I'm looking to rank/aggregate conversation data in SQL (specifically BigQuery). The data is conversation data where each row represents one sentence. In the image below I have added the example data for speaker, sentence, and sequence_start. The desired_rank is the target outcome (or something similar).
I believe there should be a window function like a rank/lag/first that should get to the desired rank programmatically.

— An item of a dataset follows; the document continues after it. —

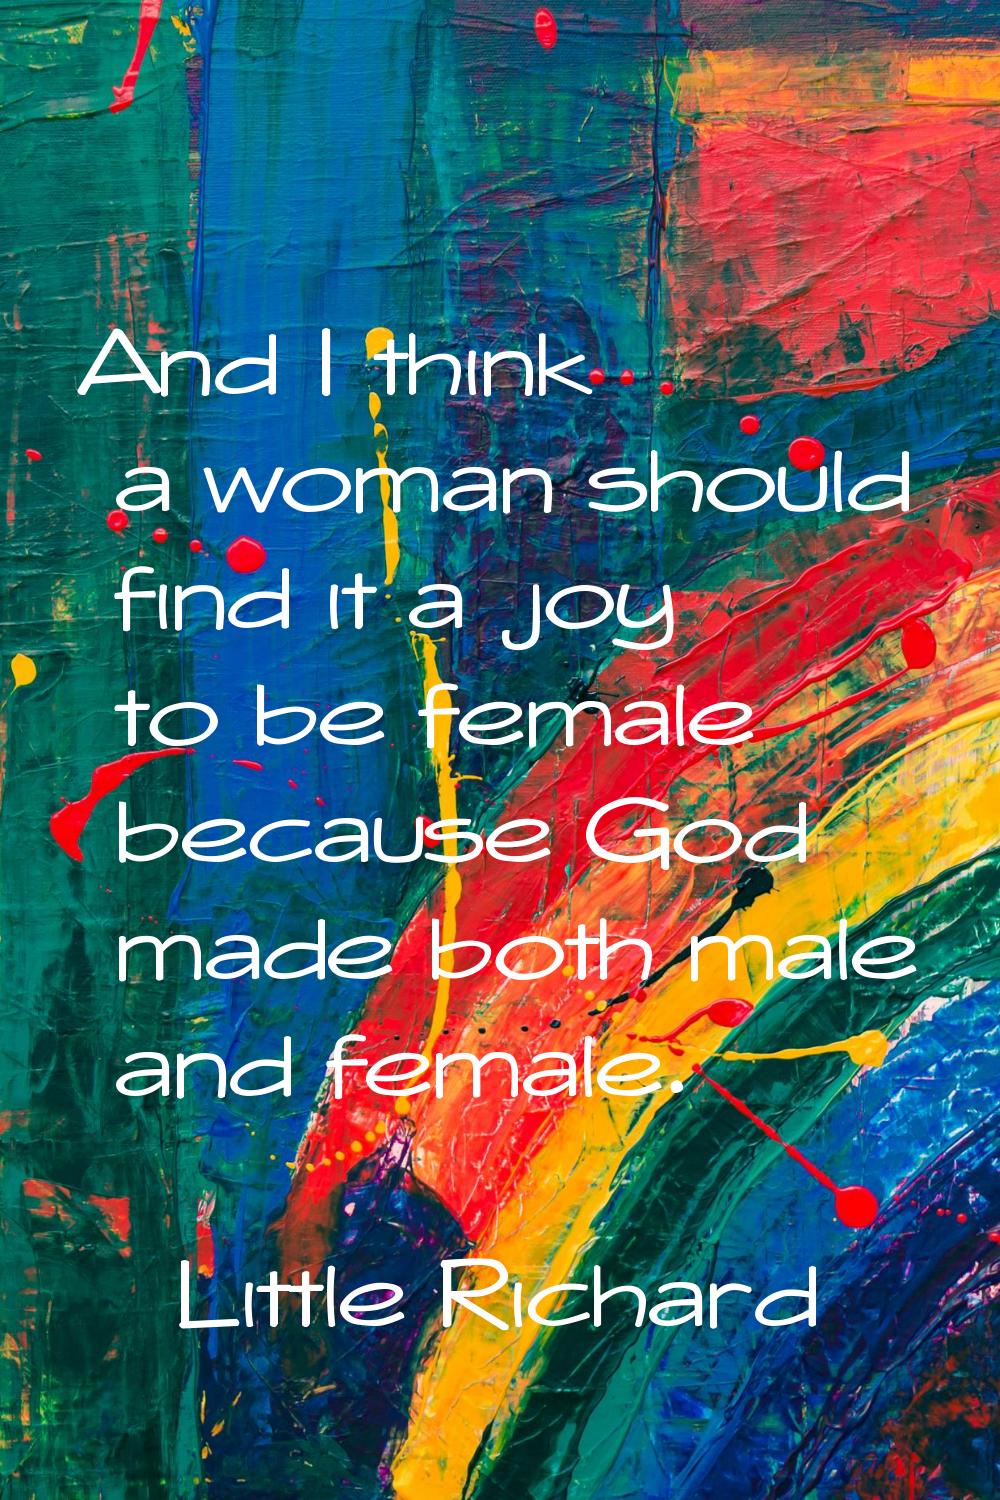 And I think a woman should find it a joy to be female because God made both male and female.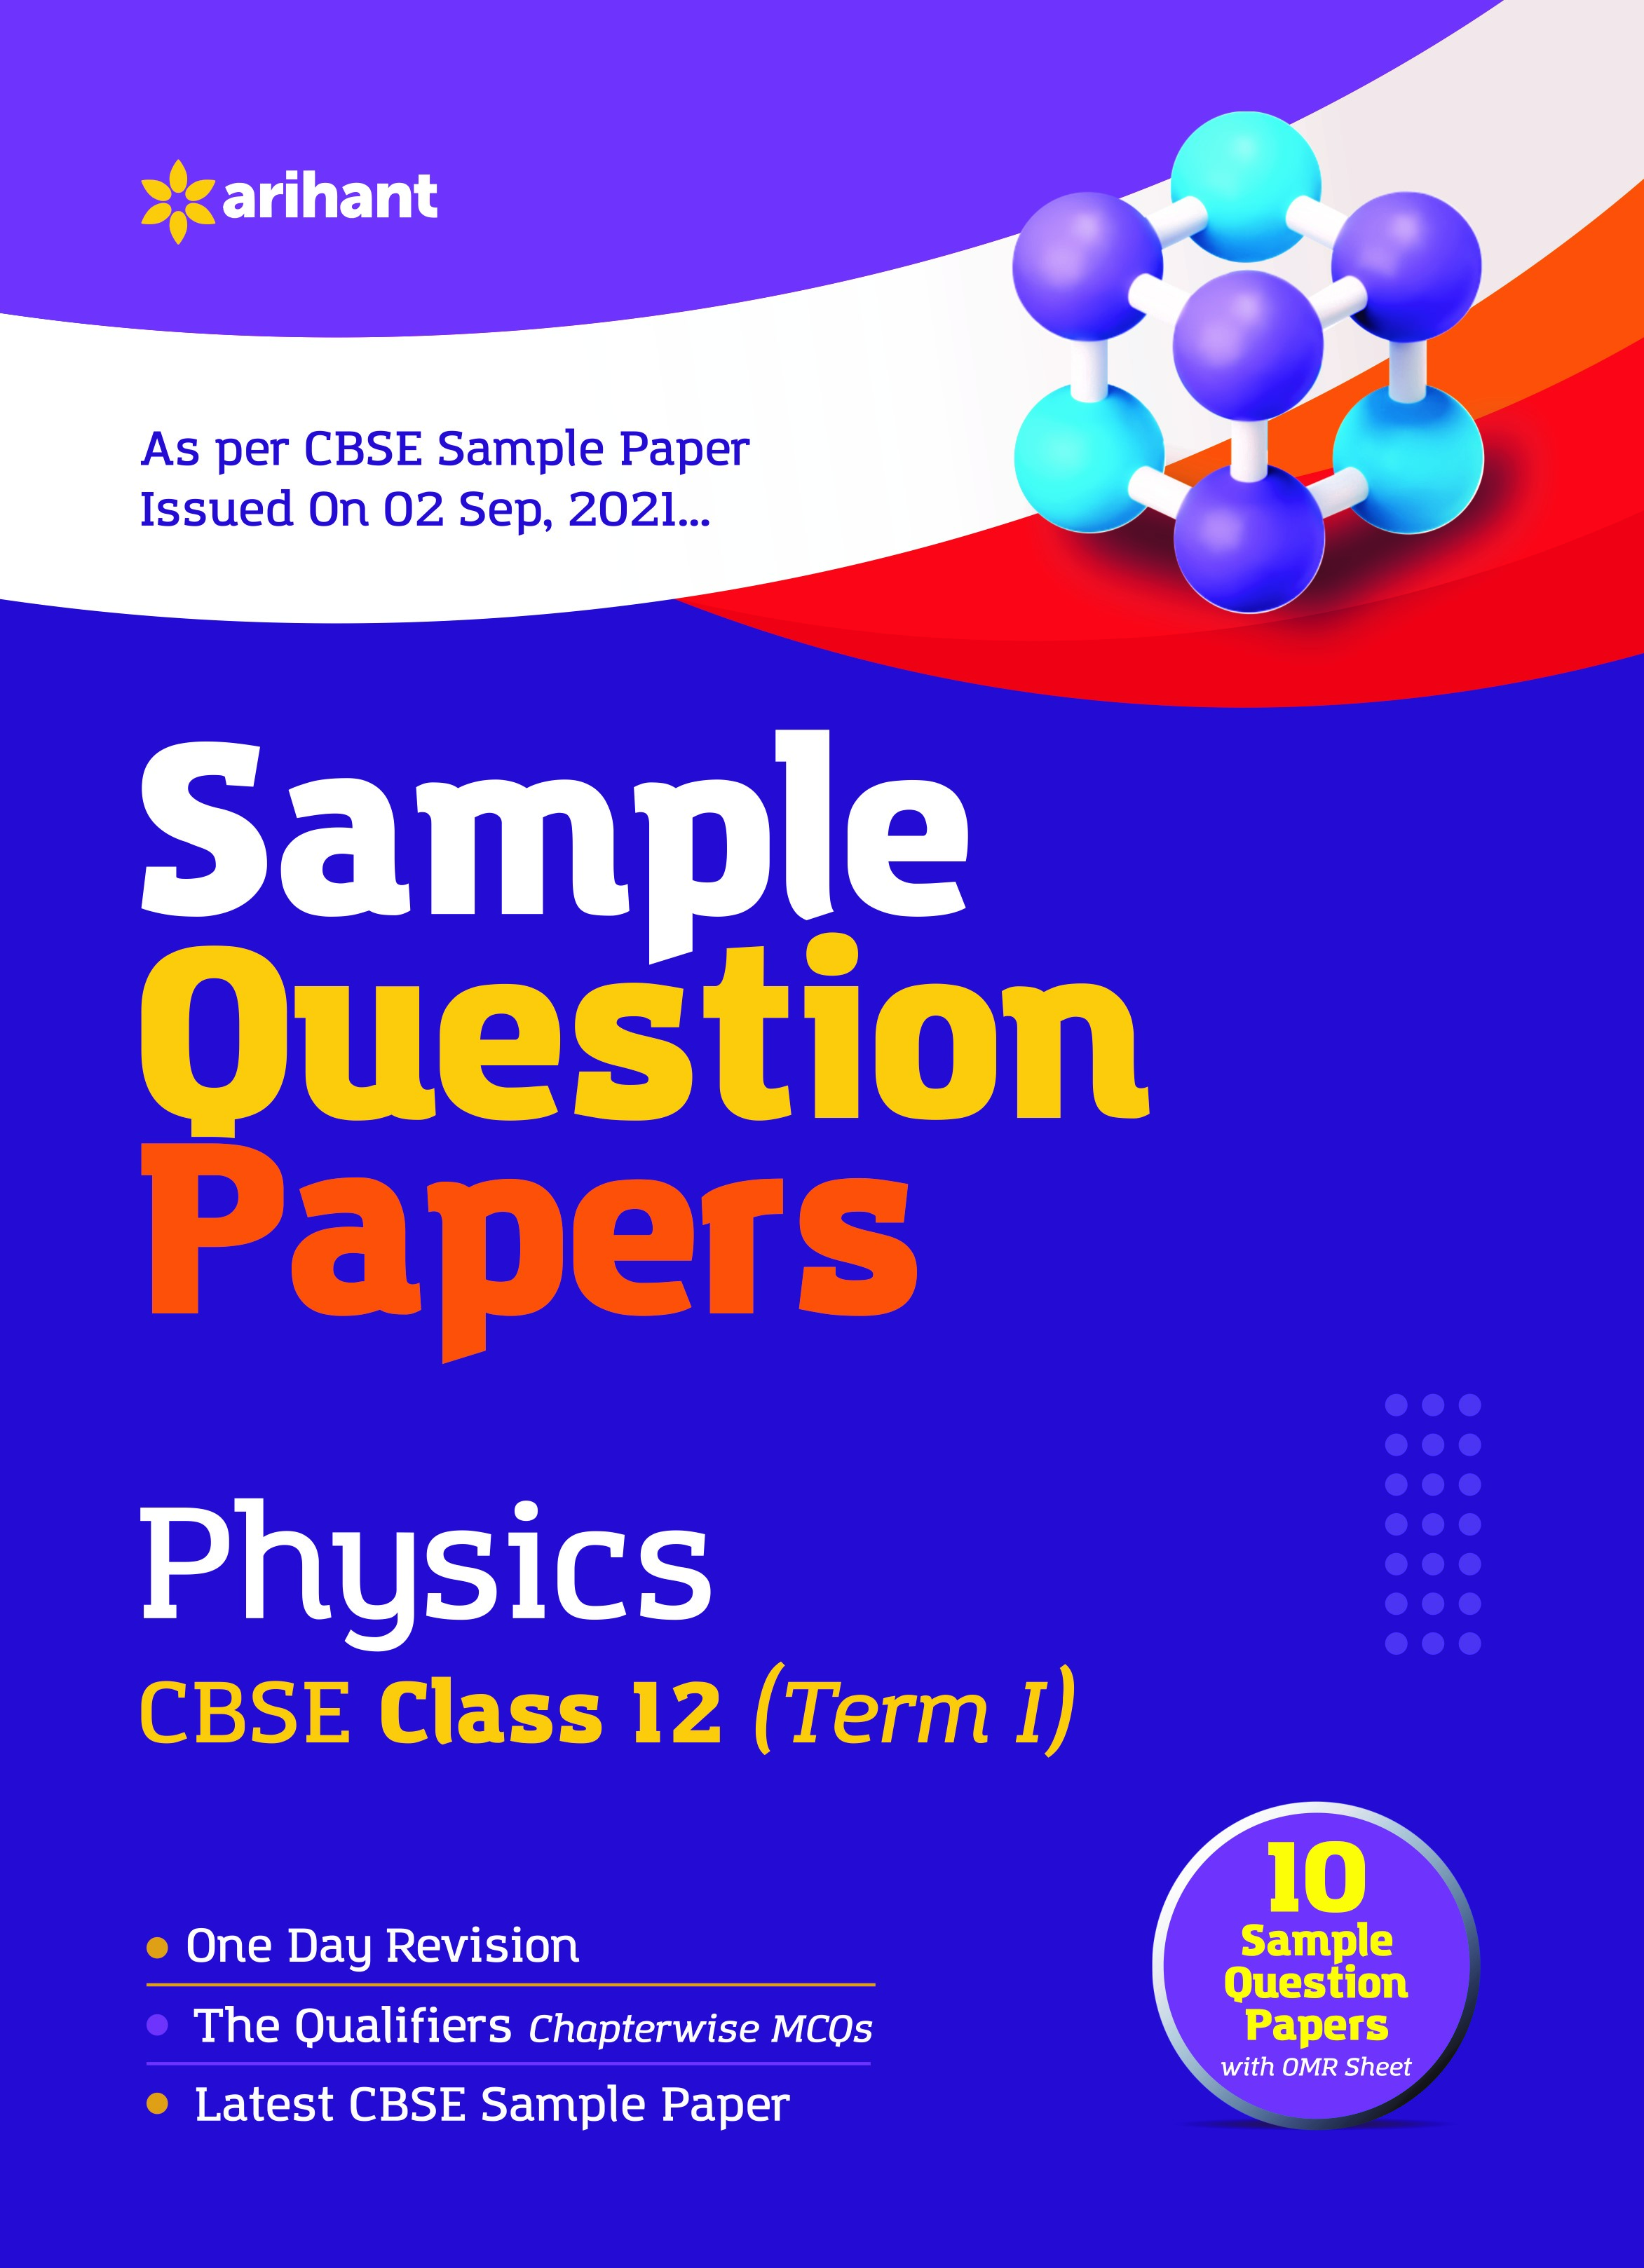 Arihant CBSE Term 1 Physics Sample Papers Questions for Class 12 MCQ Books for 2021 (As Per CBSE Sample Papers issued on 2 Sep 2021)

The closest I got was initially was the following:
WITH DATA AS (
SELECT 'Speaker A' as speaker, 'Sentence 1' as sentence, 1 as sentence_start, 1 as desired_rank
UNION ALL SELECT 'Speaker A' as speaker, 'Sentence 2' as sentence, 9 as sentence_start, 1 as desired_rank
UNION ALL SELECT 'Speaker B' as speaker, 'Sentence 3' as sentence, 27 as sentence_start, 2 as desired_rank
UNION ALL SELECT 'Speaker C' as speaker, 'Sentence 4' as sentence, 46 as sentence_start, 3 as desired_rank
UNION ALL SELECT 'Speaker A' as speaker, 'Sentence 5' as sentence, 78 as sentence_start, 4 as desired_rank
)
SELECT speaker, sentence, sentence_start, desired_rank,
FIRST_VALUE(sentence_start)
OVER (
PARTITION BY speaker
ORDER BY sentence_start
RANGE BETWEEN UNBOUNDED PRECEDING AND CURRENT ROW)
FROM DATA
ORDER BY sentence_start
The issue with the result is that Speaker A is always ranked as 1, where it should be 4 (or something similar).
Your help is appreciated. Thanks!
Figured it out. Needed to join down to the next row to determine the change. Added a complication where speaker A speaks for sentence 5 and 6.